The company is currently reviewing its brand identity- see below.
Contents |
[edit] History
Morrisons was founded by William Morrison in 1899, initially as an egg and butter merchant in Rawson Market, Bradford, England. His son, Sir Ken Morrison is now executive chairman of the company.
From the early 1900s the company used the name Wm Morrison (Provisions) Limited. Sir Ken took over the company in 1952, aged 21. In 1958 it opened a small shop in the city centre, followed by its first supermarket "Victoria", in the Girlington district of Bradford in 1961. In 1967 it became a public company listed on the London Stock Exchange.
[edit] Morrisons today
As of November 2006, Morrisons has 367 [1] superstores in the United Kingdom, including those it has retained following its purchase of Safeway plc (see below). Until 2004, Morrisons superstores were largely concentrated in the English Midlands and the north of England, but had expanded southwards, beginning with a store at Erith, Kent, which opened in 1998 [2]. Most Morrisons stores operate from large superstore formats selling a wide range of products including the core groceries.
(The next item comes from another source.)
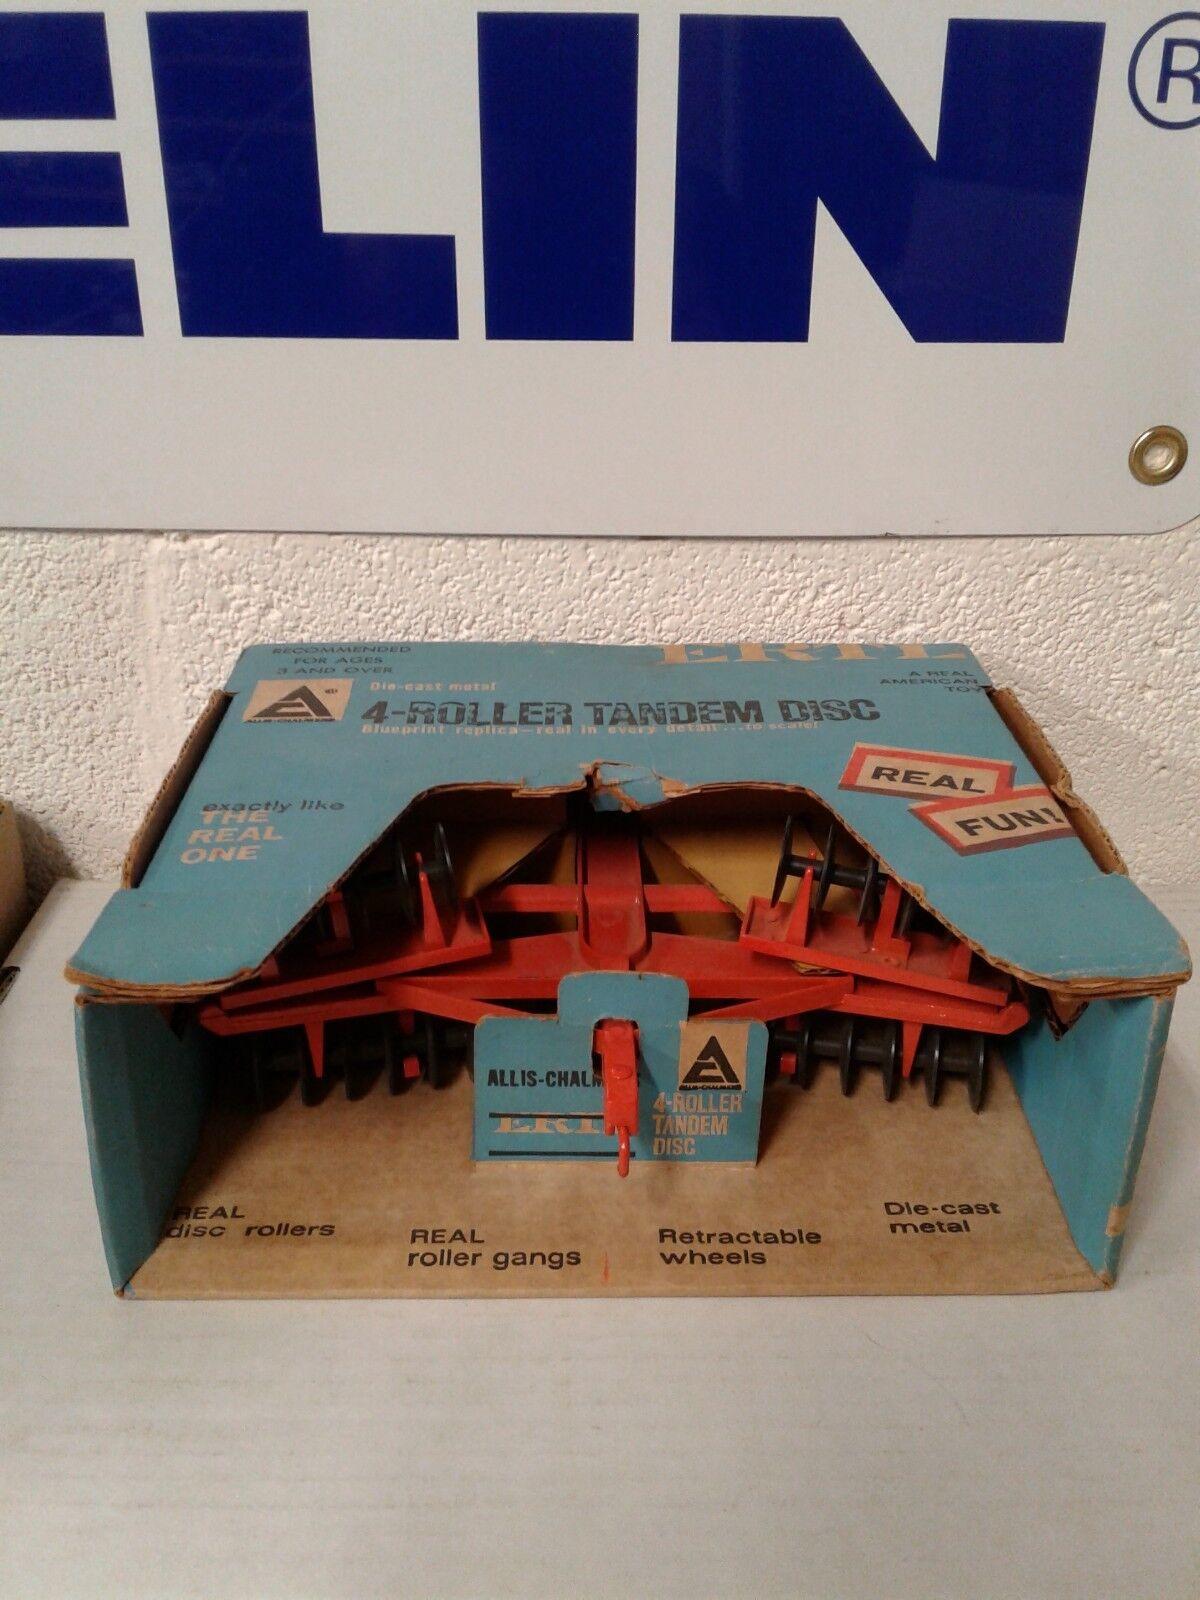 1 16 ERTL Farm Toy ALLIS CHALMERS 4 Rouleau Tandem Disc disque en boîte bleue

In May 2006, Sir Ken announced he is to step down as executive chairman in January 2008 after serving with the company for 56 years. The following month, it was announced that Marc Bolland, the Dutch chief operating officer of Heineken had been appointed as the new chief executive of Morrisons.
Morrisons is now one of just four supermarket chains that dominate the full-size superstore market in the United Kingdom. In descending order of size the other three are Tesco, ASDA (owned by Wal-Mart), and Sainsbury's. Morrisons strategy is based on doing the basics efficiently, selling predominantly food at low prices, and doing so only from large stores. This is a different approach from the other three big chains: Tesco and Sainsbury's in particular have moved into "retail services" such as banking; the same two companies are expanding into the convenience store sector; and Tesco and ASDA place great emphasis on their non-food ranges and are experimenting with stand alone non-food stores.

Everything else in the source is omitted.